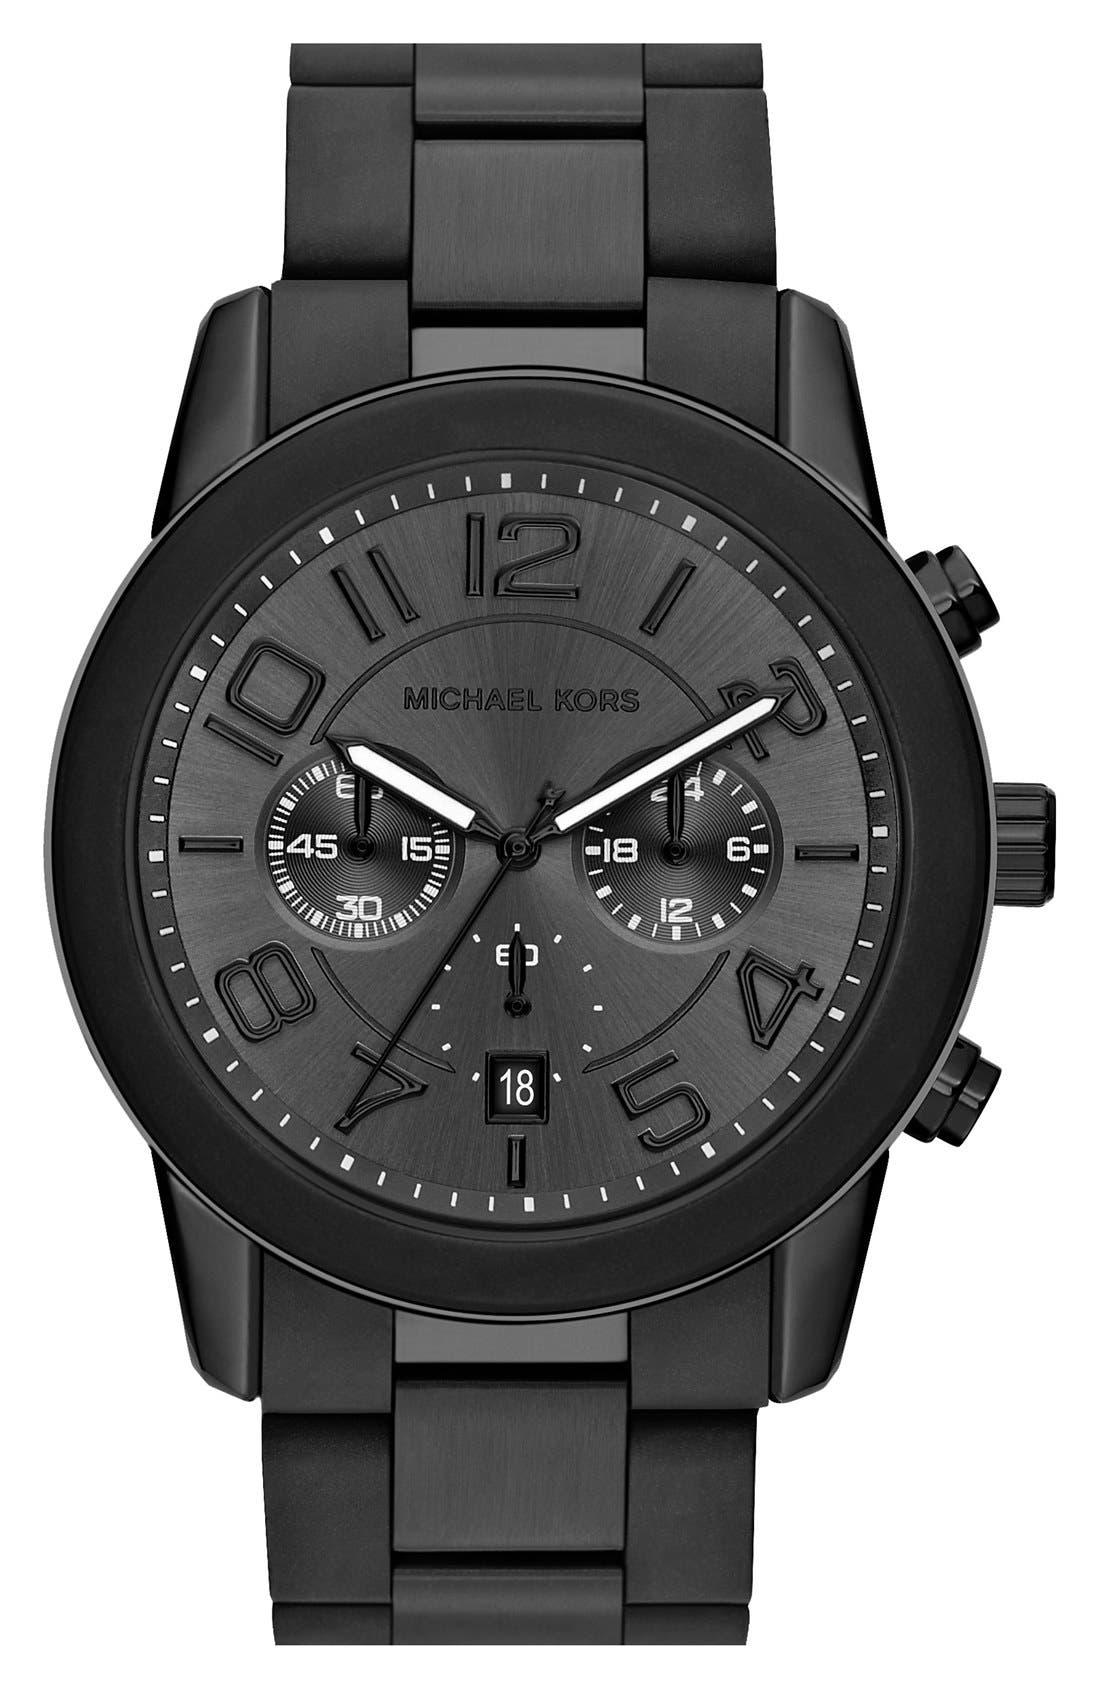 Main Image - Michael Kors 'Mercer' Chronograph Bracelet Watch, 45mm
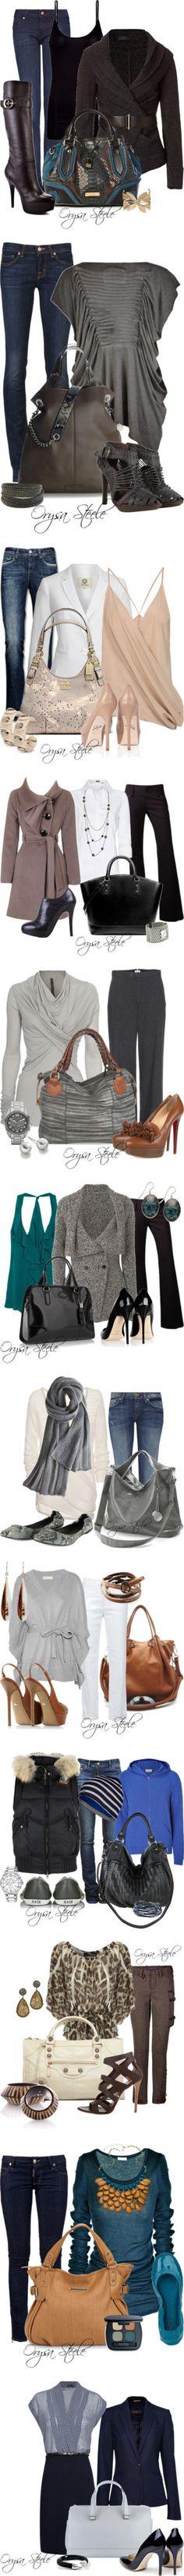 lots of fall fashion ideas!
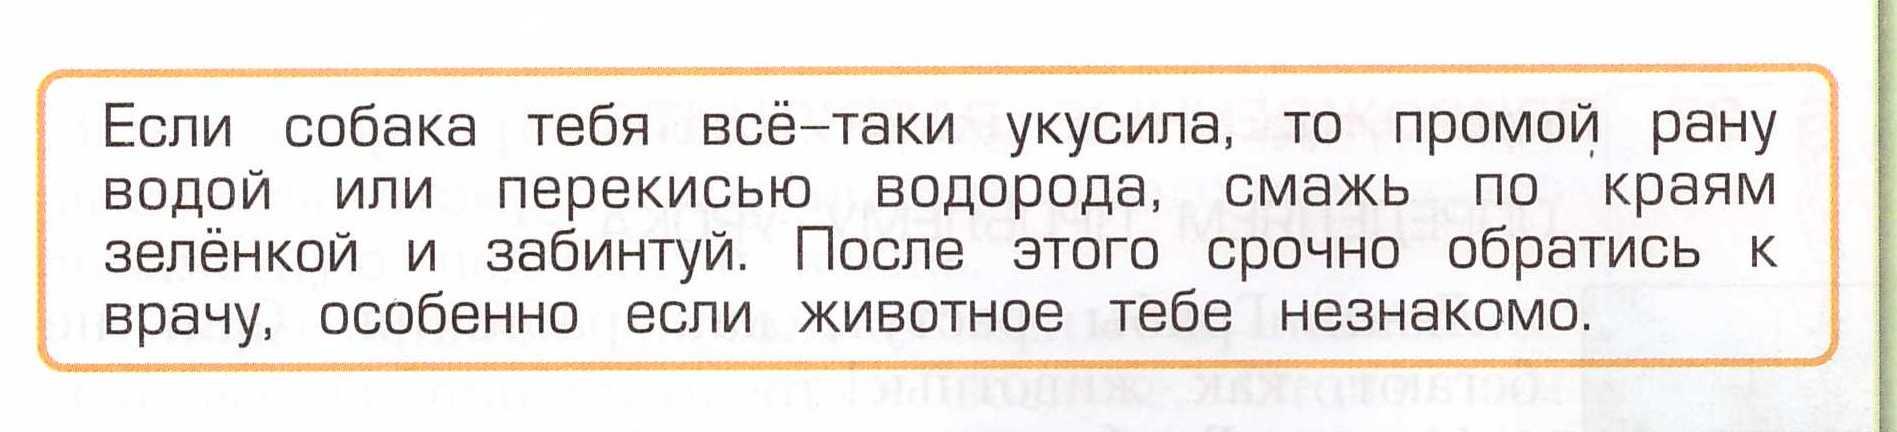 C:\Users\Наталья\AppData\Local\Microsoft\Windows\Temporary Internet Files\Content.Word\23.jpeg

--------------------------------

§ **Problem to solve**:
The whole listing above, minus its pictures, is what you should write out word for word.

§ **Response**:
 Main Image - Michael Kors 'Mercer' Chronograph Bracelet Watch, 45mm
 lots of fall fashion ideas!
 C:\Users\Наталья\AppData\Local\Microsoft\Windows\Temporary Internet Files\Content.Word\23.jpeg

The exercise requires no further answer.